McIlroy was the coveted RBC Canadian Open and PGA rock star

In a fishbowl inside a soup bowl, Rory McIlroy, star of the show at St. George’s Golf and Country Club in Toronto, stunned crowds on Sunday and won the RBC Canadian Open for the second time in a row in stunning fashion.

Dressed for the occasion in aqua pants and a hot pink shirt, in the pastel colors that only curvaceous men can wear on such a hot day, McIlroy battled his two playmates – Justin Thomas in salmon, Tony Fino in lemon – in a magnificent duel to the end.

Any of the three would be a welcome winner. McIlroy triumphed, and successfully defended the PGA Tour title for the first time in his career, was certainly what tournament and tour officials wished for. More so given everything that is going on in the world of golf nowadays.

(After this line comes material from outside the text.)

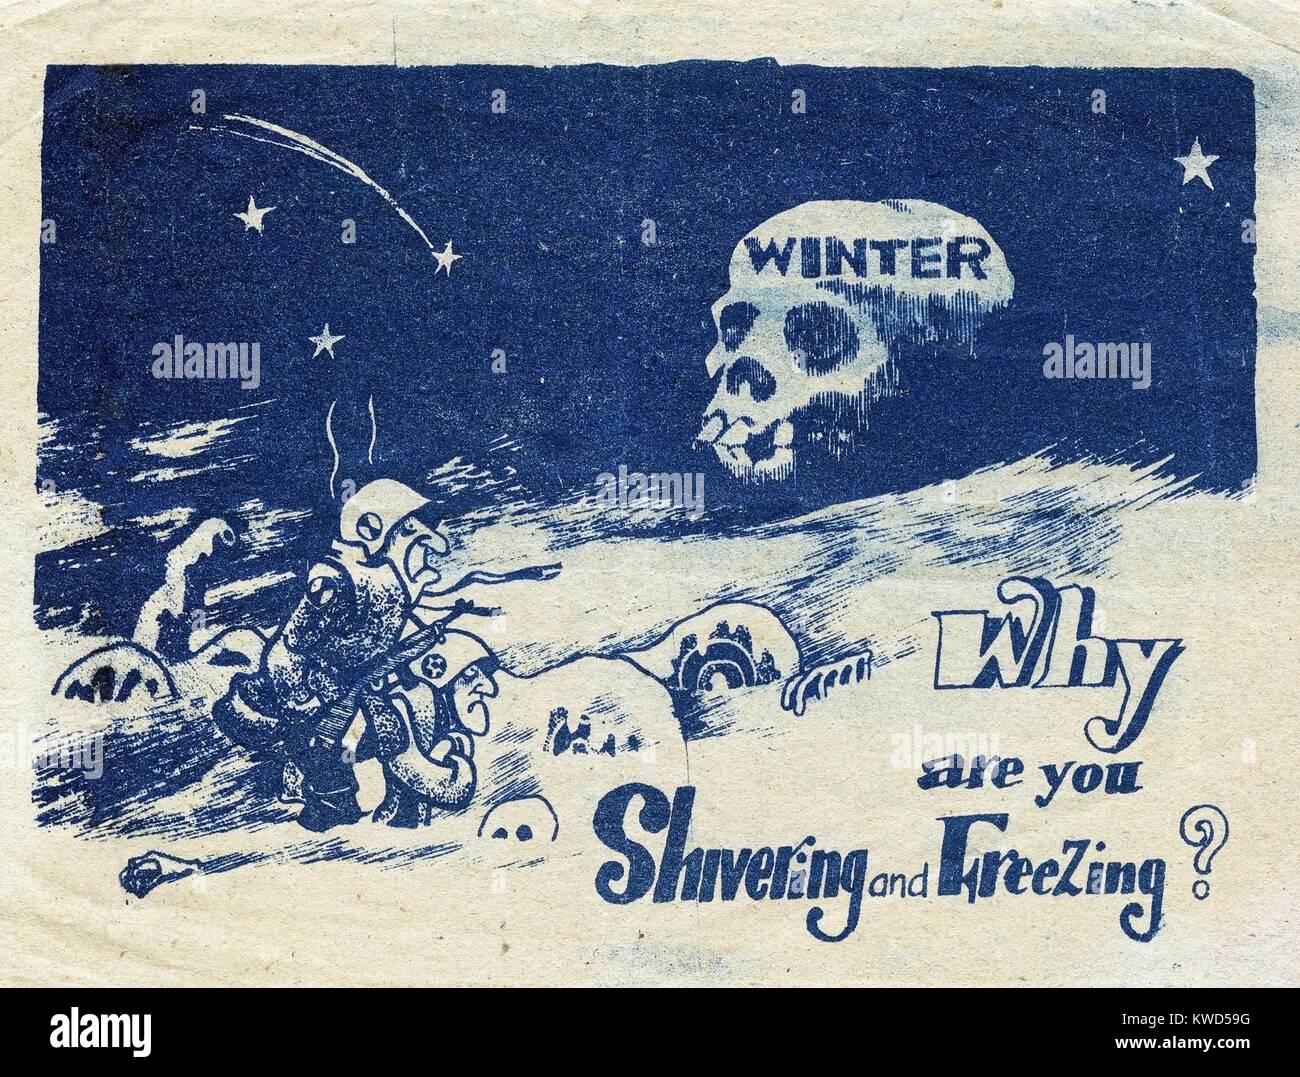 Cold war cartoon hi-res stock photography and images - Alamy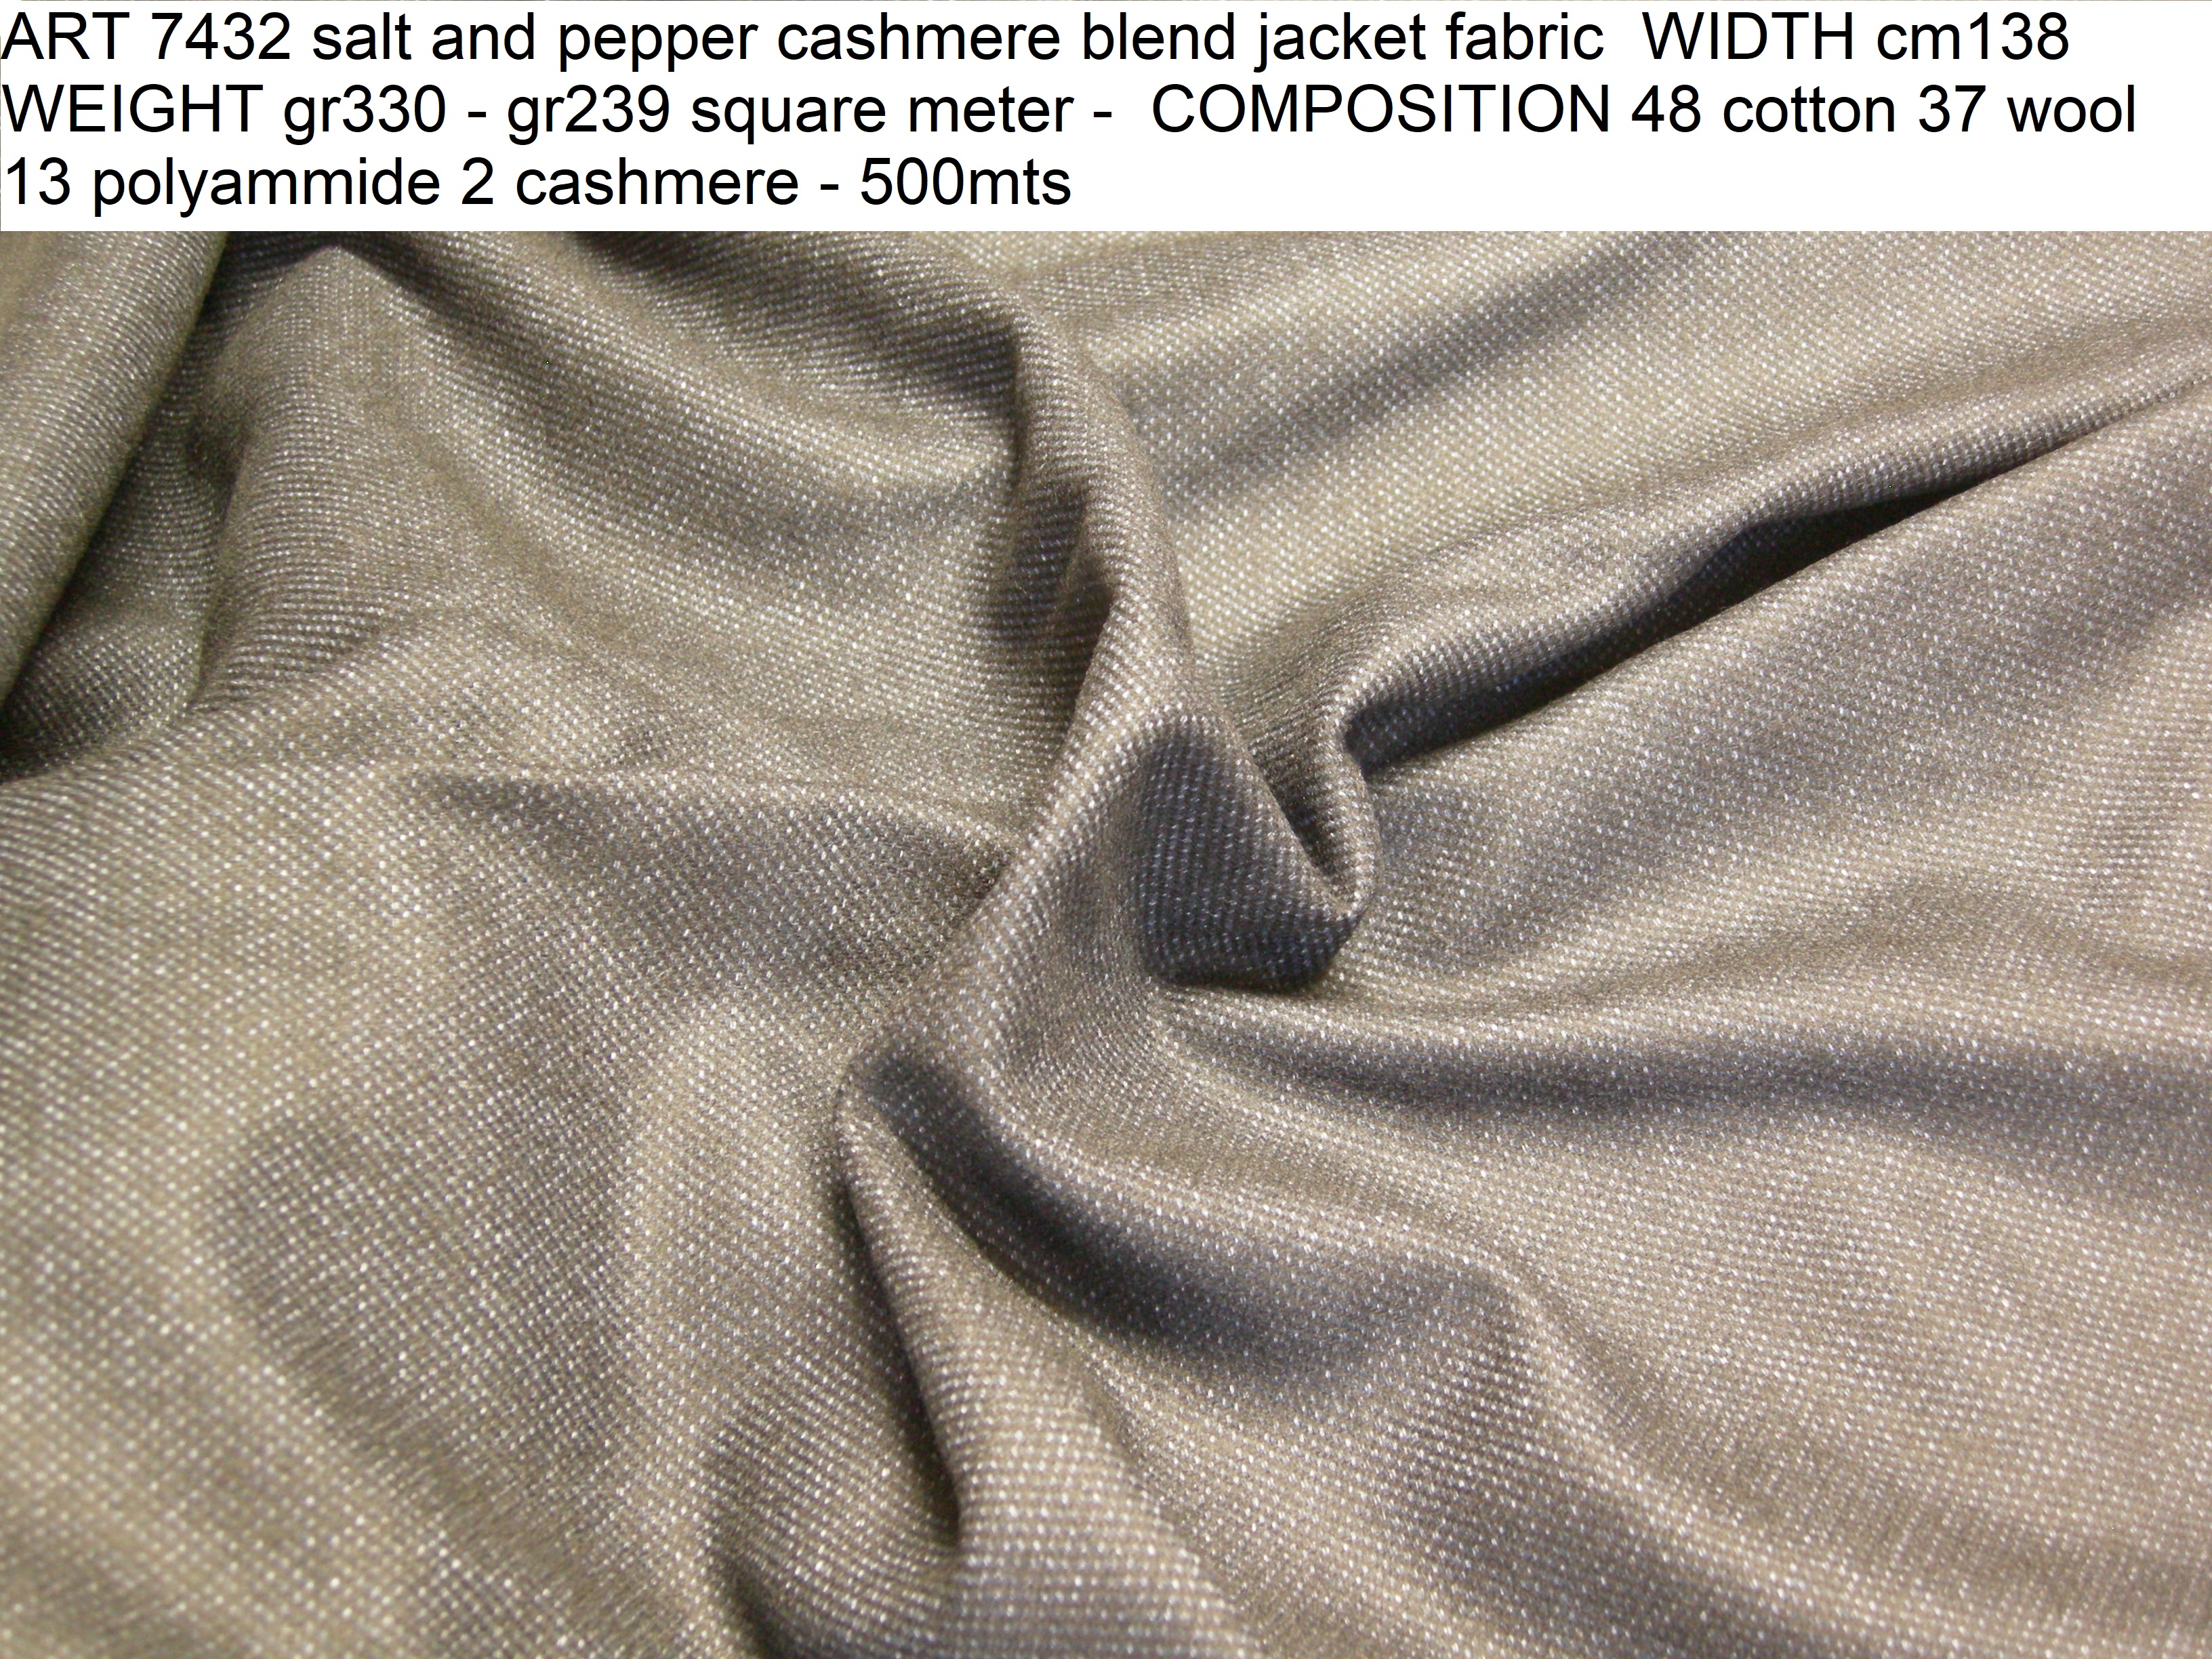 ART 7432 salt and pepper cashmere blend jacket fabric WIDTH cm138 WEIGHT gr330 - gr239 square meter - COMPOSITION 48 cotton 37 wool 13 polyammide 2 cashmere - 500mts

You can tell McIlroy he really wants this. He always walks with a jump in his stride, shoulders back and chest out. But after rolling in 26 feet for a birdie on the first hole to take the lead on his own, then tearing his 30-yard lead off a father of Thomas and Finno in the second, there was a feeling he wouldn’t be denied on this day.

He had that look.

“I’ve had a little JT in the past and he has outlasted me a few times. So I knew I had to play really well to beat him,” said McIlroy. “Tony as well. Tony played incredible golf today too. So that was this a big part of it.

“I think facing the best and hitting the best always makes it so special.”

From the third through the twelfth, McIlroy made seven birds and one ghost. Thomas and Finaw didn’t hold back, with Thomas spinning six consecutive numbers on his scorecard at one point, and Finau making half a dozen sparrows on the same day. Up front, Justin Rose hit a run at 59, and Listowel fired Cory Conners of Ont. 8-under 62 to climb up the leaderboard, eventually finishing sixth.

Indeed, St. George was placed on this day. After running its own test and providing a similar test through 54 holes, the course was smooth and attackable given the night rain.

But this was fine. Sunday’s fireworks were what fans came here to watch; Some even made a little of their own.

Rory made a triple with another birdie at 12, but followed that up with a bogey on 13, missing a short time to the shock of spectators. Thomas then flew 14 to pull inside one, and when McIlroy took over the raucous Rink Hall 16, the two leaders standing on the 17th tee were tied with Finau behind him.

The penultimate hole in St. To do so is aggressive play that sometimes causes the tee shots to leak properly. Thomas did just that, and he was proven wrong.

He couldn’t make it to the green of the thick rough that his ball rested in and he didn’t get up and down for equality. When McIlroy made a birdie, ensuring the two planes would swing, the tournament was over.

At least in terms of who will win.

The scene on the 18th was gruesome. After McIlroy hit another great shot, this time at four feet, thousands of fans rushed to within a few feet of the green. Some even broke into a cavernous hideout, forcing police and security to take action.

McIlroy compared it to the 2018 championship that Tiger Woods won. It was “an afterthought,” said McIlroy, who was playing for Woods that day. This time, he was the man the crowd was trying to encroach on. It was a small scar in a great atmosphere.

“The fans here this week have been absolutely amazing,” said McIlroy, who used a flying throw at the end to finish 19th under, two points over runner-up Finau with third Thomas. “Like, very good and very cool to play in an atmosphere like that. Loud, loud, but respectful. Except that it’s really, really cool.”

As the champion mentioned in the press room, his 21st victory on the PGA Tour put him one ahead of the career mark of Greg Norman, LIV Golf forward. McIlroy has shouldered much of the burden when it comes to hoisting the flag of the PGA Tour against an upstart series funded by the Public Investment Fund of Saudi Arabia. He is clearly not a huge fan of the great Australian player, or at least what Norman does.

However, McIlroy only relates to Norman when it comes to Canadian Open victories. Norman won the championship twice at Glen Abbey in 1984 and 1992.

Which is good for this tournament. Because you better think it will give McIlroy more motivation when he goes for the triathlon next year.